Collective punishment in Gaza

Under the Geneva Convention on the rules of war, it is expressly forbidden for armies to impose a collective punishment on people who are not involved in the combat. The destruction of people’s property is also banned. You will not be surprised to learn that Israel does not believe that these conventions apply to them when it comes to their treatment of the Palestinians. How else can you explain the massacre of 19 civilians, including seven children, by artillery fire in the town of Beit Hanoun? How else can you justify the uprooting of olive groves and the levelling of homes for "security" reasons? How else can you understand the killing of more than 350 Palestinians in Gaza in the past five months, including unarmed women shot down in cold blood? Or the destruction of the area’s power stations? Whatever the mealy-mouthed Israeli government’s spokespeople say, this is nothing less than the collective punishment of a people who have resisted the attempt to destroy their aspirations to self-determination and statehood. It is the punishment of a people who dared to choose Hamas in free elections. Israel’s barbaric actions in Gaza follow the collective punishment of the Lebanese people recently through the destruction of their homes, schools, petrol stations, roads and bridges.

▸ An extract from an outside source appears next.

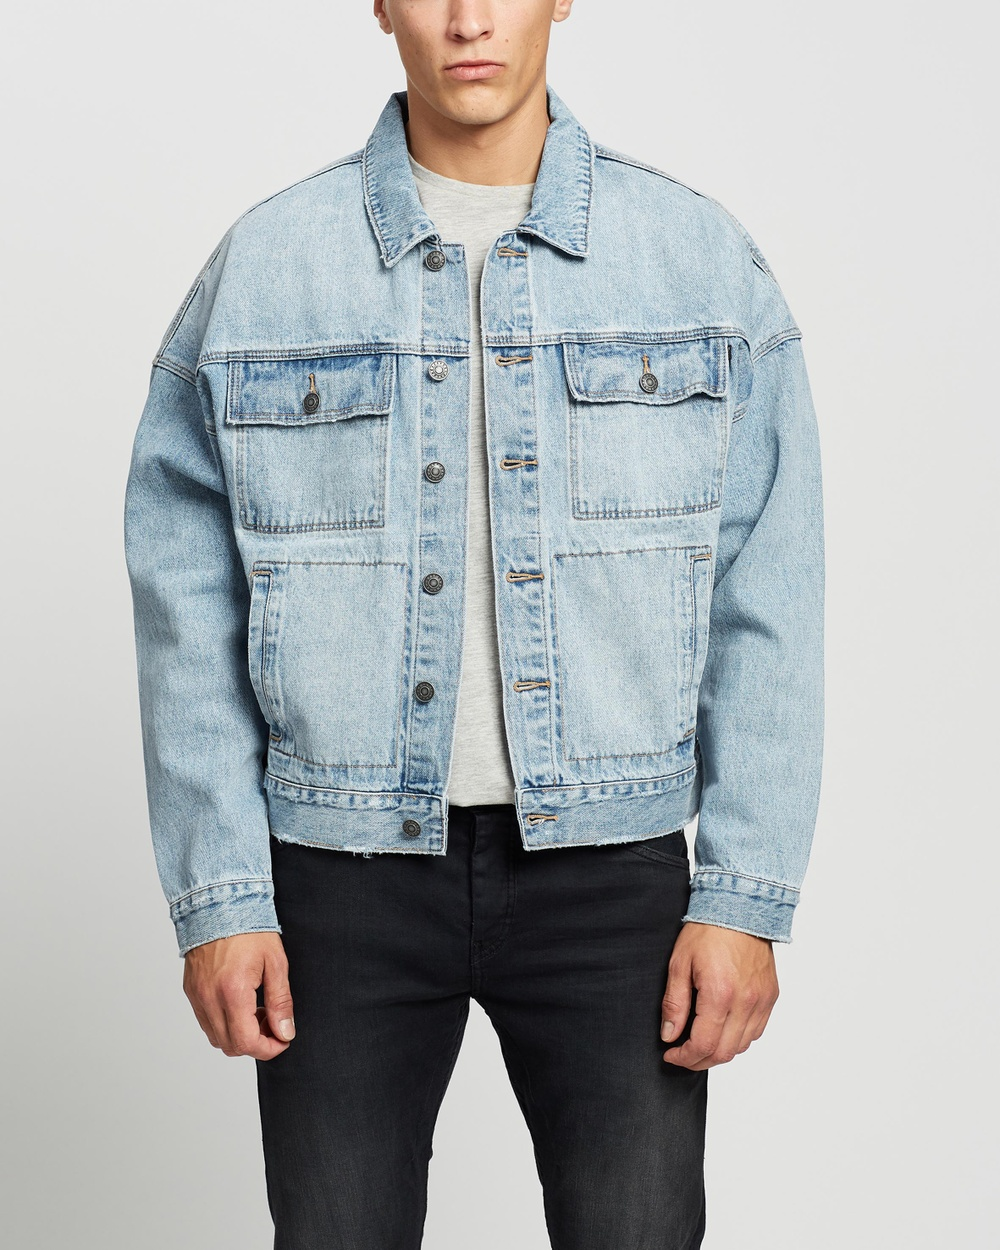 Abrand A Moto Jacket Clothing Lemmy

For sure, Israel did not invent the idea of collective punishment. It was first conceived by US General Sherman in the American civil war, as a method for punishing the South’s rebellion. Nazi forces were responsible for countless collective punishments in occupied Europe and the British deployed these methods in Kenya and the Americans in Vietnam. It is a cruel irony that a state ostensibly founded to protect a people who were the victims of pogroms and the gas chambers adopts the language and some of the methods of their former oppressors. Building walls to isolate Palestinians, for example, looks remarkably like the construction of a ghetto for a people deemed unsuitable as neighbours. Political Zionism, based as it is on an exclusively nationalist outlook, has reached a dead end as shown by the recent cabinet appointment of the openly racist Avigdor Lieberman. He has called, among other things, for the expulsion of Israeli-born Palestinians. Zehava Galon, who leads the parliamentary wing of the left-wing Meretz, describe his appointment is a "terrorist attack on democracy", comparing Lieberman to contemporary fascist leaders in Austria and France. Only one Labour Party minister resigned from the coalition. The Israeli state has degenerated into a semi-military, corrupt regime that spells danger for its own citizens as well as the Palestinians. Time is clearly ripe for Israeli society to move on from the suffocating nationalism of Kadima, Likhud, Labour and the rest in the quest for a secular state solution that can appeal to both Jews and Palestinians.